** Supplied data follows **
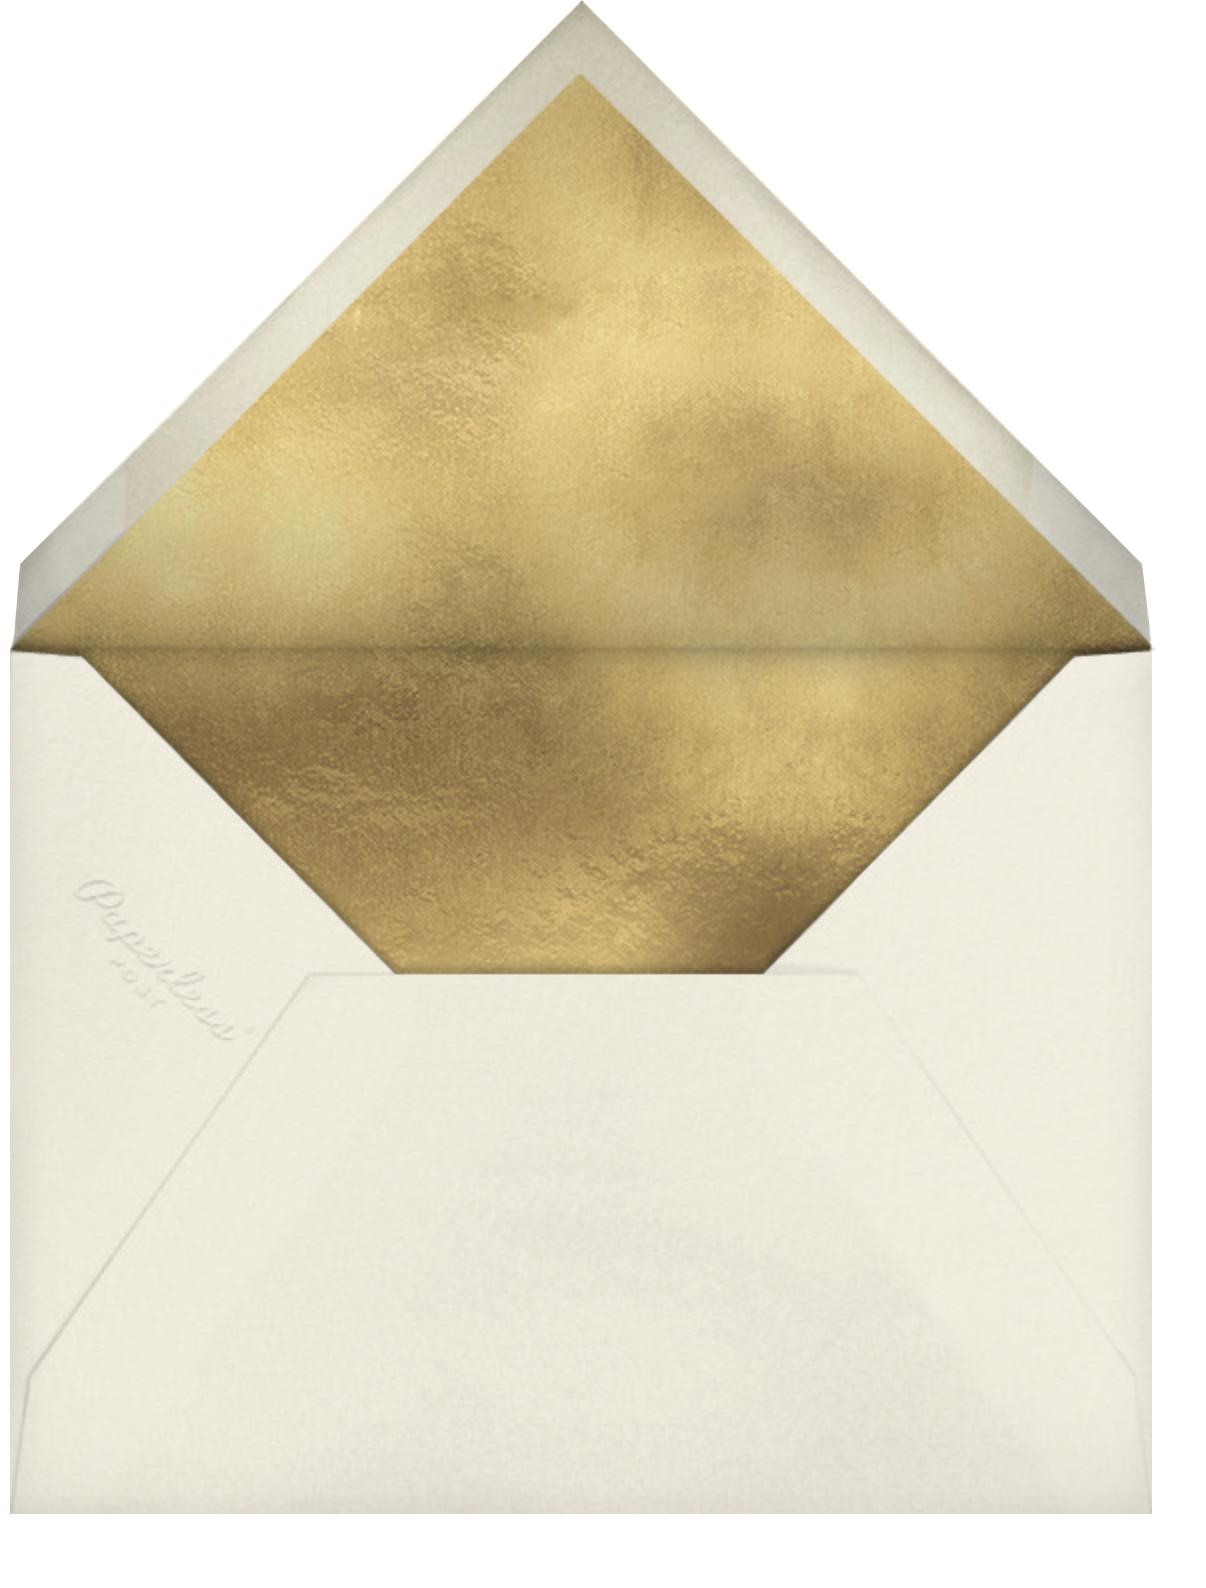 Zenada - Schumacher - Envelope
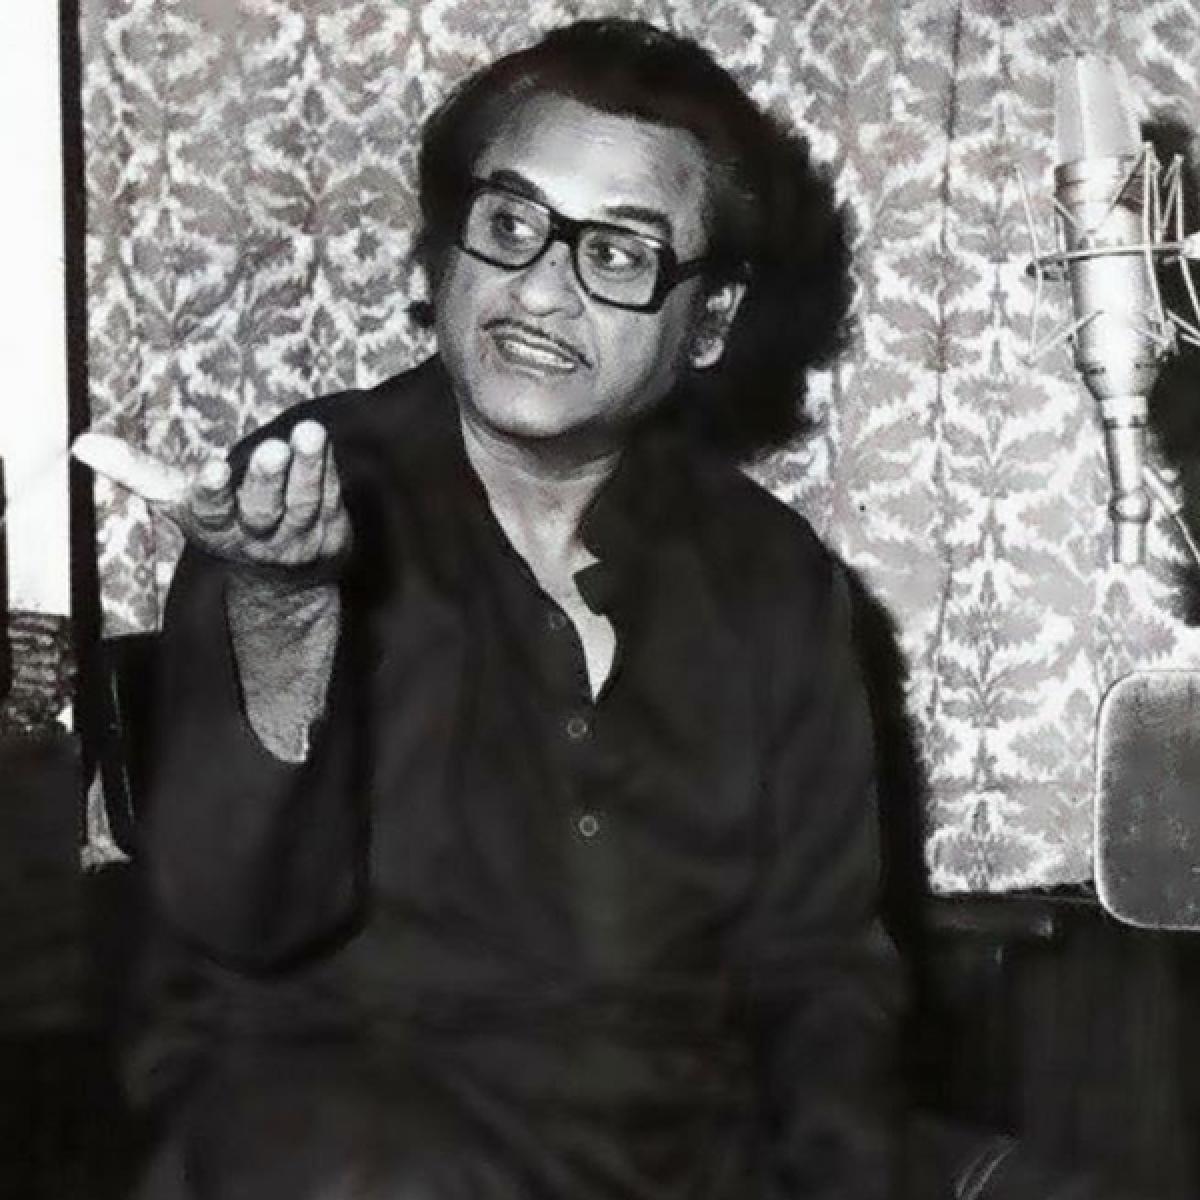 Why Mohammed Rafi never got the Dadasaheb Phalke award?
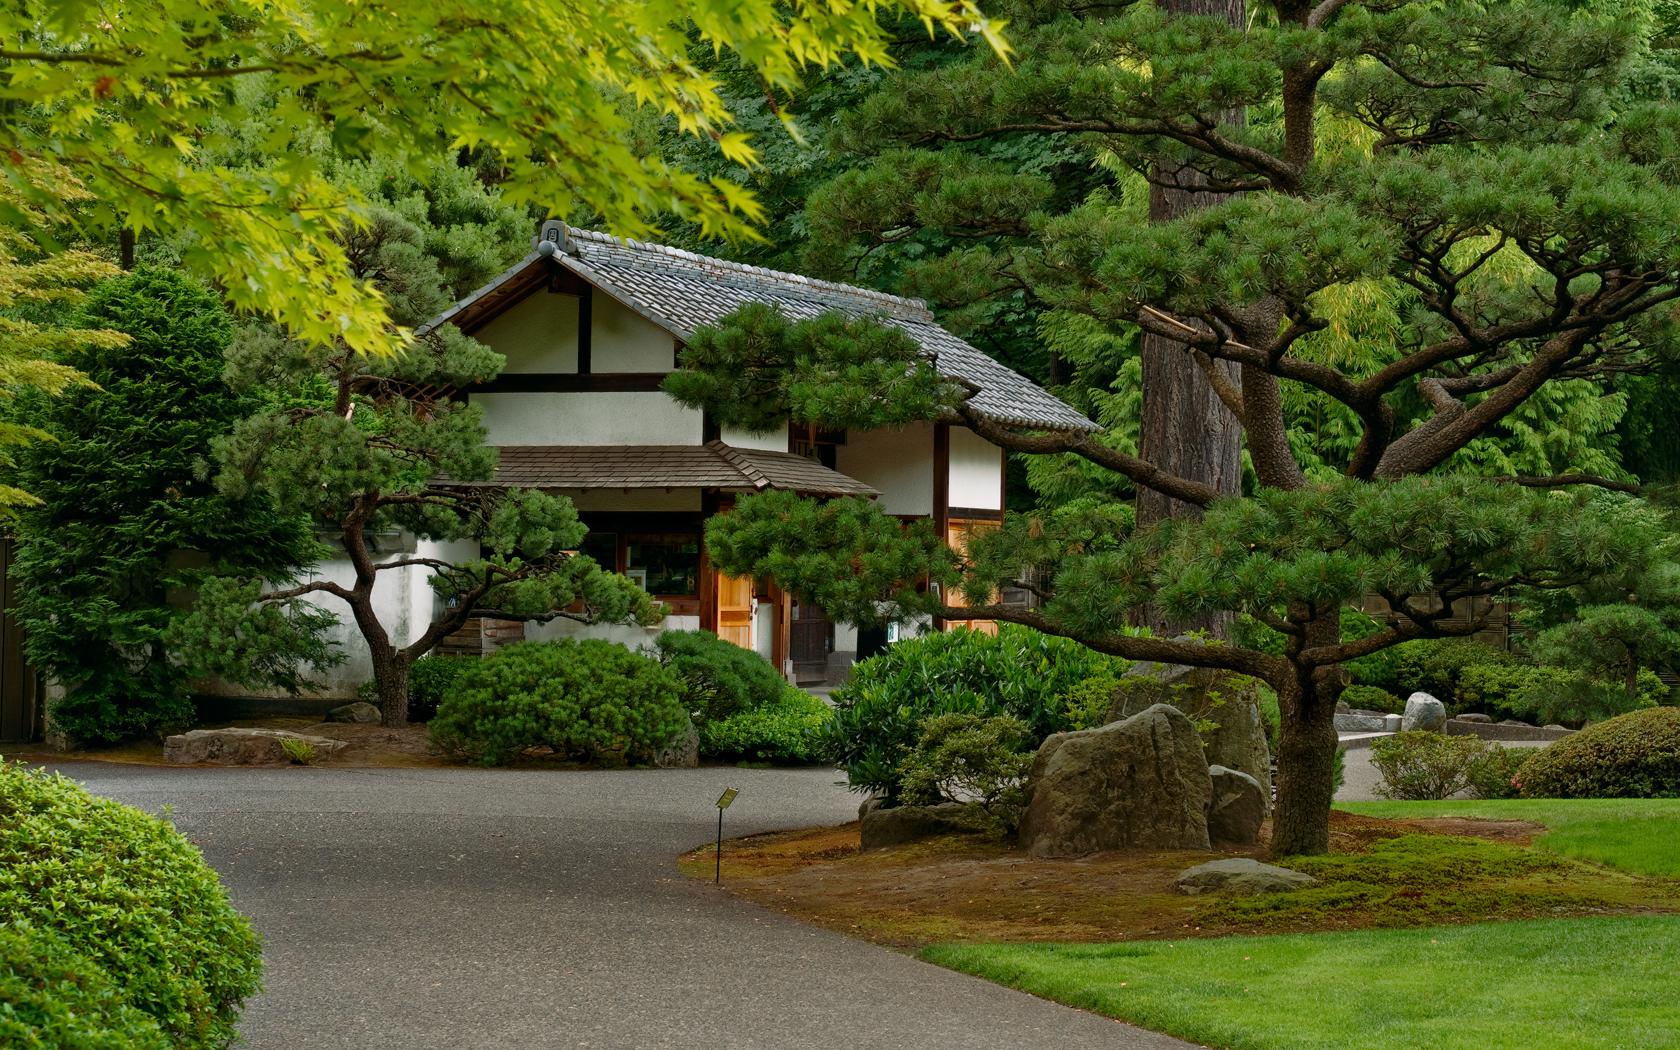 beautiful japan | Beautiful Japan - Wallpaper #36847 & beautiful japan | Beautiful Japan - Wallpaper #36847 | Places I need ...
** End of Supplied data **
§ What to do
Give an exact copy of the material, leaving out every picture.

§ Answer to this task
 Zenada - Schumacher - Envelope
 Why Mohammed Rafi never got the Dadasaheb Phalke award?
 beautiful japan | Beautiful Japan - Wallpaper #36847 & beautiful japan | Beautiful Japan - Wallpaper #36847 | Places I need ...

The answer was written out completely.